Tuesday | 2 December, 2008
E-medical records: What seems to be the problem?
There are lots of challenges, but financial disincentives may be the biggest.
Robert L. Mitchell 16/07/2008 12:22:21

There are secondary costs as well. Staffers must learn a new EMR system and often must change their business practices to accommodate the way it works. In some cases, the implementation of a system can take four to six months and cut back the number of patient visits by as much as 50 per cent, says Grannis. "That's a big barrier to face. And they're not computer scientists, so it's a strange new world," he says. While practices do see some savings by reducing costs in areas such as filing, "none of these value propositions are home runs," says Grannis.

HL7's Jaffe says that if the market isn't providing incentives to doctors to make the transition, the government should do so in order to improve public heath. "In the US, [the government] has budgeted $75 million for health care IT. In England, it's £1 billion. It's disheartening," he says.

The US Department of Health and Human Services does have one small program under way. In what project officer Jodi Blatt calls a "pay for performance demonstration," the Centers for Medicare & Medicaid Services are in the process of recruiting 2,400 practices in 12 locations this year to participate in a study. Physicians can earn up to US$58,000 -- group practices up to $290,000 -- in incentives over the course of the five-year program by demonstrating improvements in patient care as a result of having implemented EMR systems. "We believe the incentives are substantial enough to reduce the barriers to practices," she says.
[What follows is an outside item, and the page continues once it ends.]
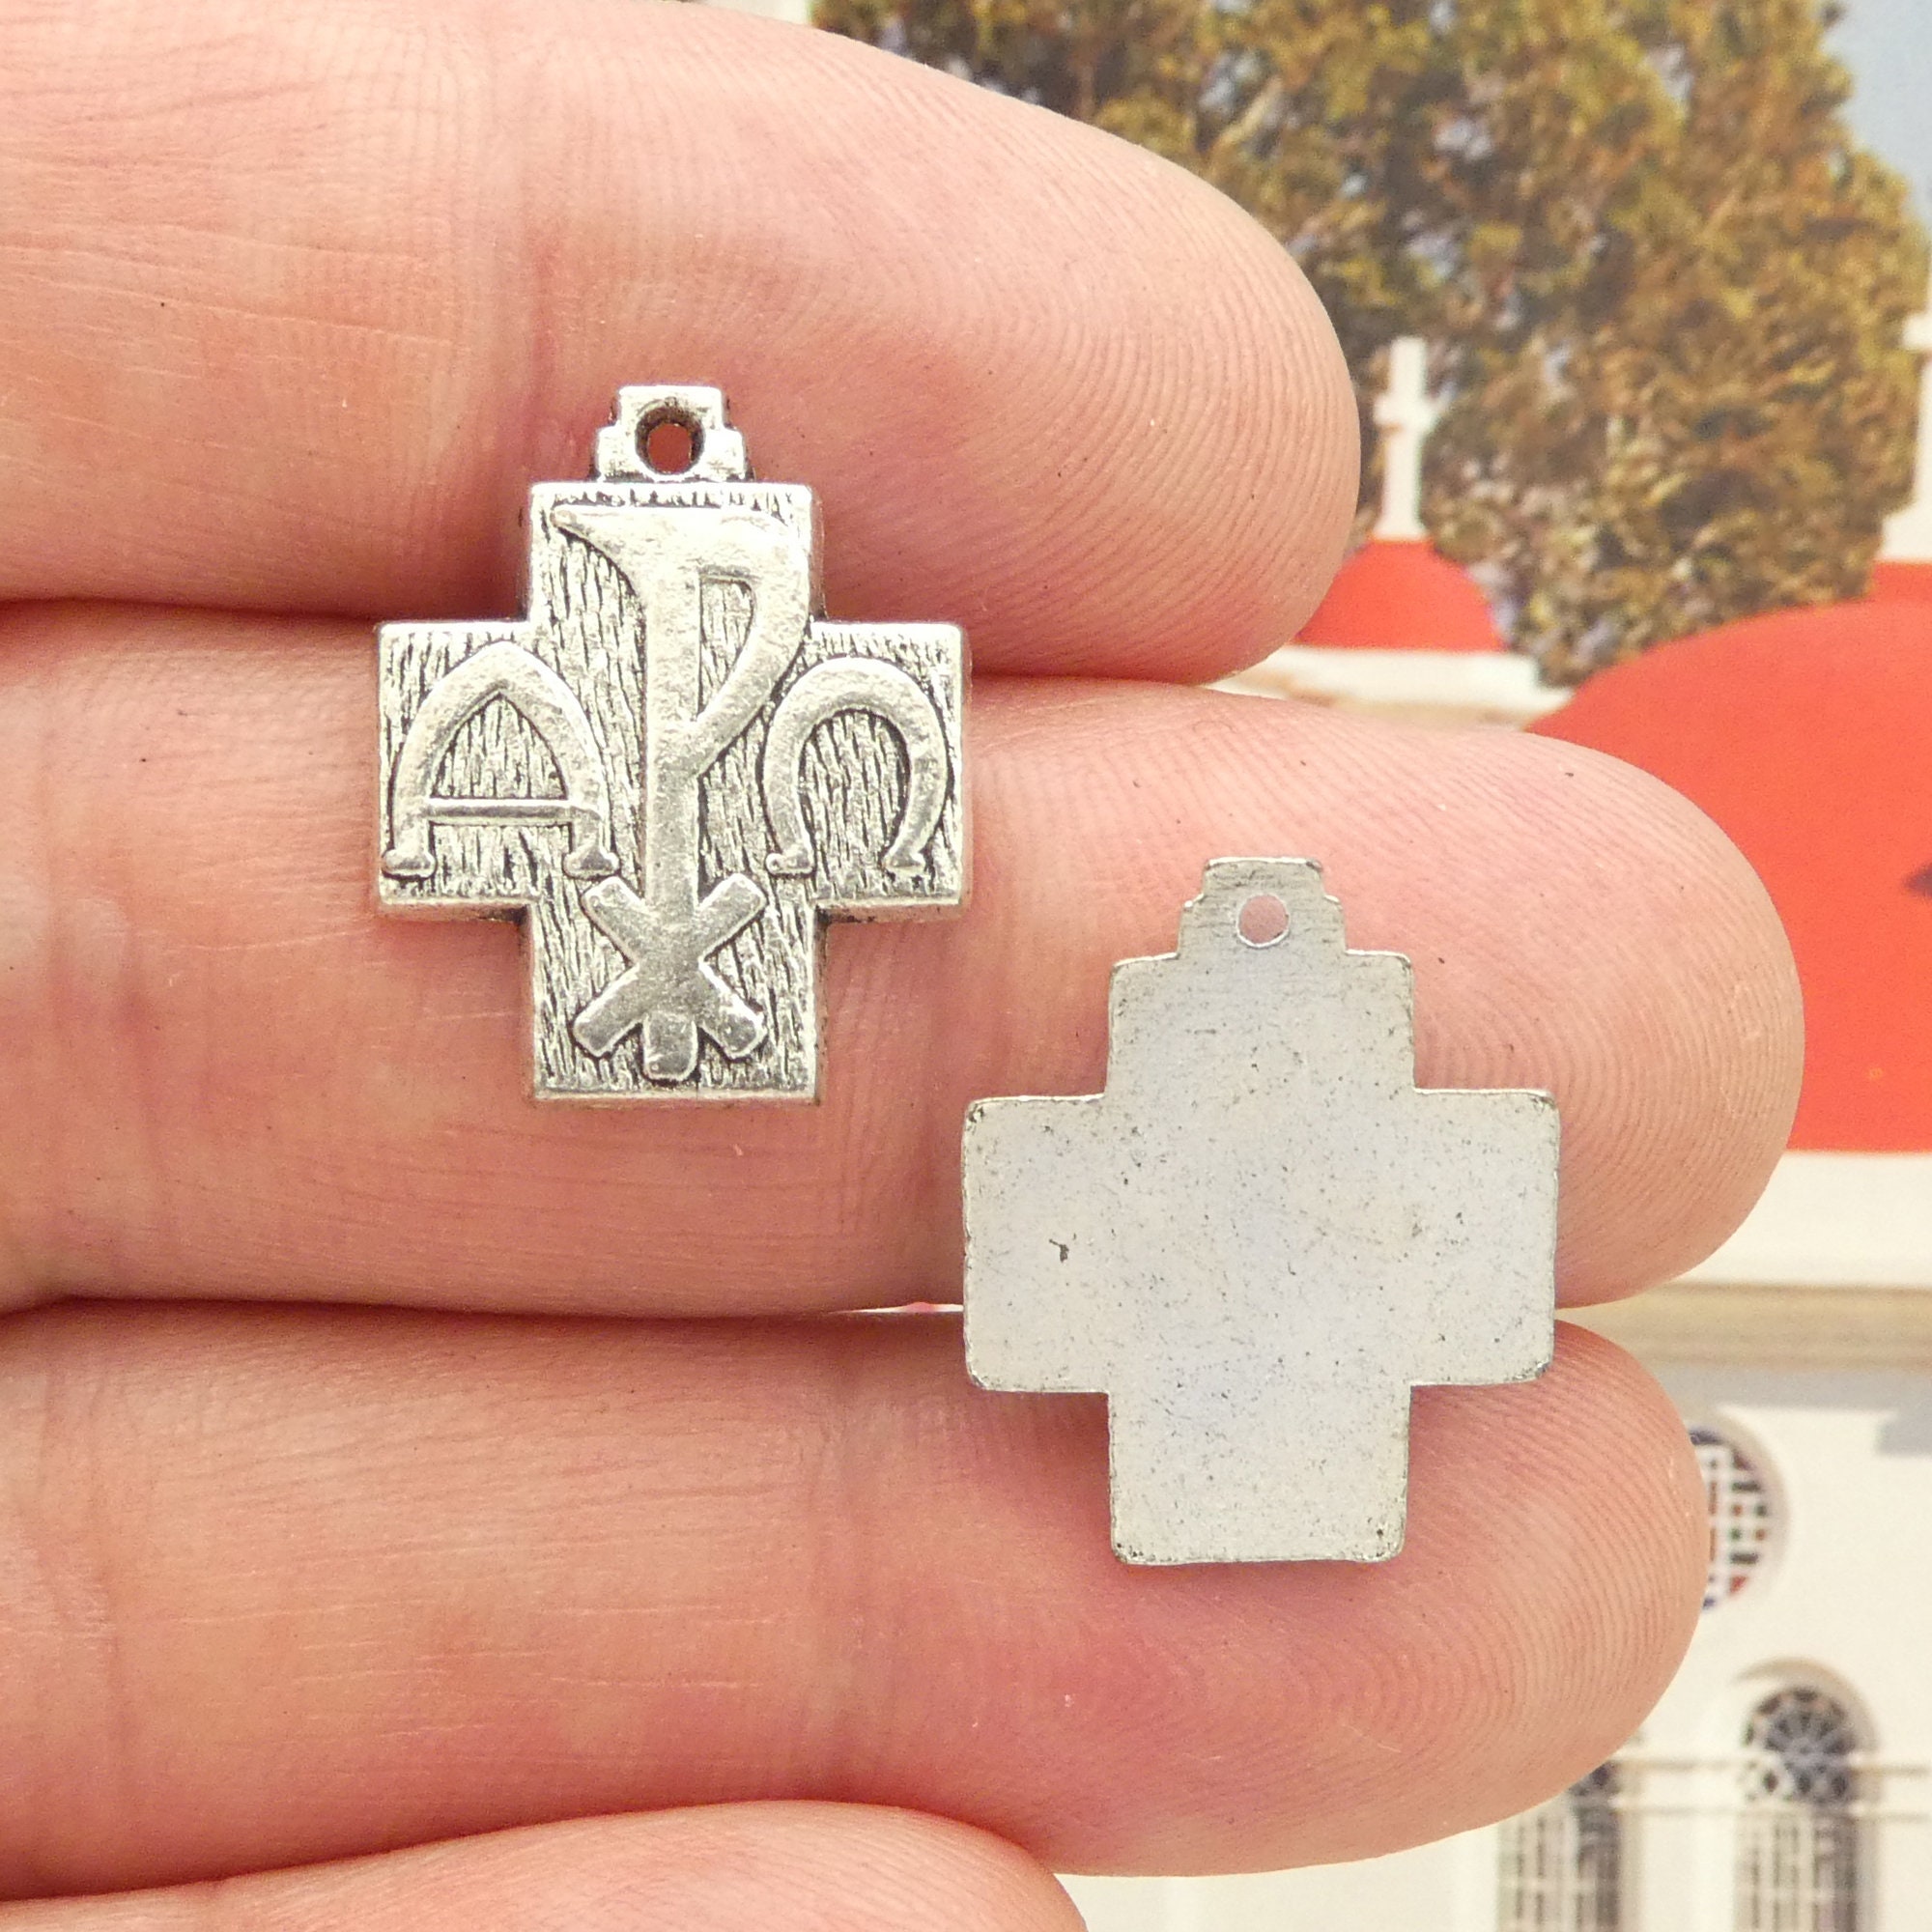 Bulk 30 Orthodox Cross Charm Pendant Silver by TIJC SP2075B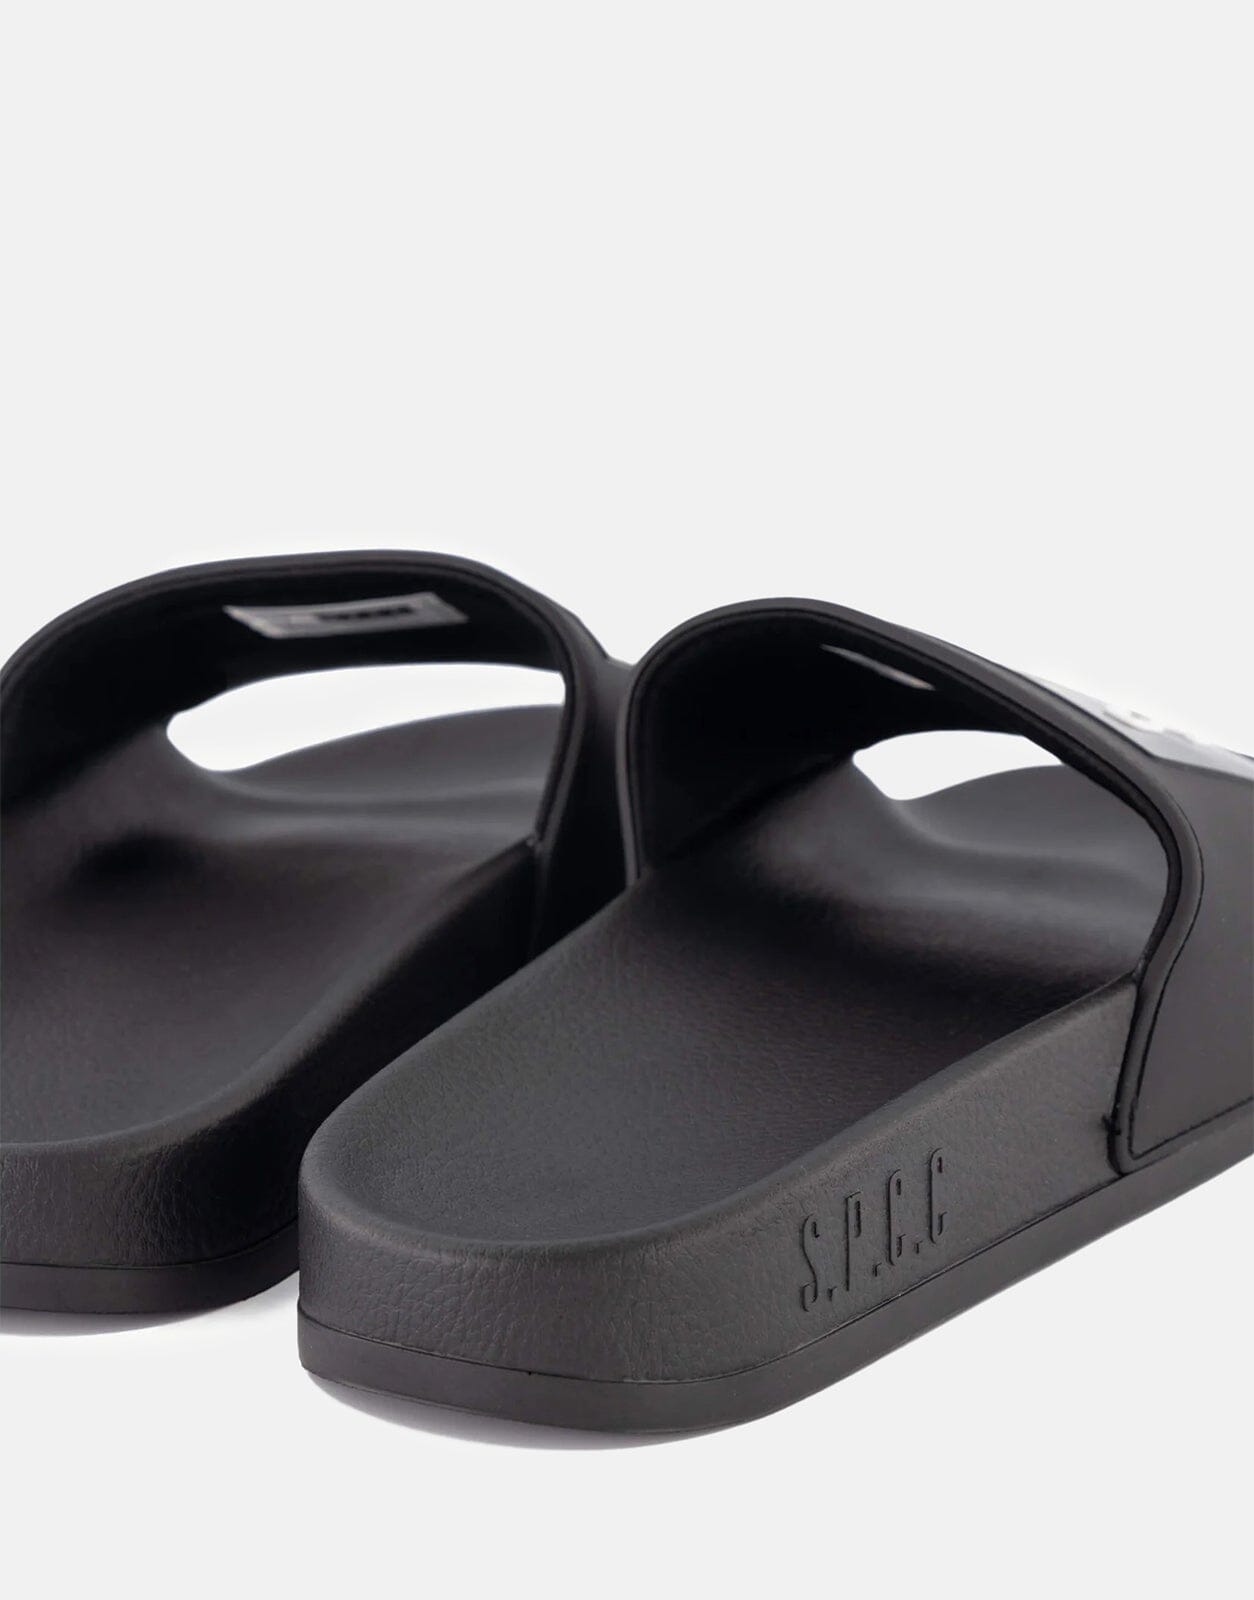 SPCC Matlock Black Slides - Subwear

However, there are 921,904 physicians, 723,118 practices and 5,756 hospitals in the US, according to the American Medical Association and the American Hospital Association. Given those numbers, it's not clear that the incentive program will enable the industry to meet President Bush's stated goal that it provide most Americans with interoperable EHRs by 2014.

Brokered Solution

If all hospitals and physicians used EMR systems and met the standards for interoperability, more regional exchanges -- and even national information exchanges -- could start to develop. "A hospital in Miami could contact a hospital in San Diego and do some sort of exchange. That's in the ideal world," says Blatt.

But who will pay for that remains unresolved. Grannis says Regenstrief is working to find a sustainable economic model for health information exchanges by providing value-added services beyond basic health-record sharing. For example, the institute has received separate, ongoing funding for a service that uses data in the EHR exchange to quickly identify disease outbreaks. But today, Grannis acknowledges, the exchange still depends on "a patchwork of funding."

He says he thinks that efforts by Microsoft, Google and others to build personal health record repositories -- Web-based services where individuals can aggregate health records from multiple providers and add their own data -- will put pressure on the industry to embrace EMRs. But it will be too complicated and costly for providers to establish bidirectional transfers with every other provider. Local exchanges such as the one in Indianapolis will be required, and to assuage competitive concerns, neutral third parties will need to step in to manage those exchanges, Grannis says.

That's the tack taken with the nonprofit Massachusetts Health Data Consortium's MA-SHARE program. It enables the exchange of clinical document summaries and e-prescribing data among 17 hospitals, using Web services protocols. But even in Massachusetts, with its many advanced teaching hospitals, 50 per cent of doctors still don't use EMRs, and Halamka's nirvana of consolidated EHRs that follow the patient remains a distant vision.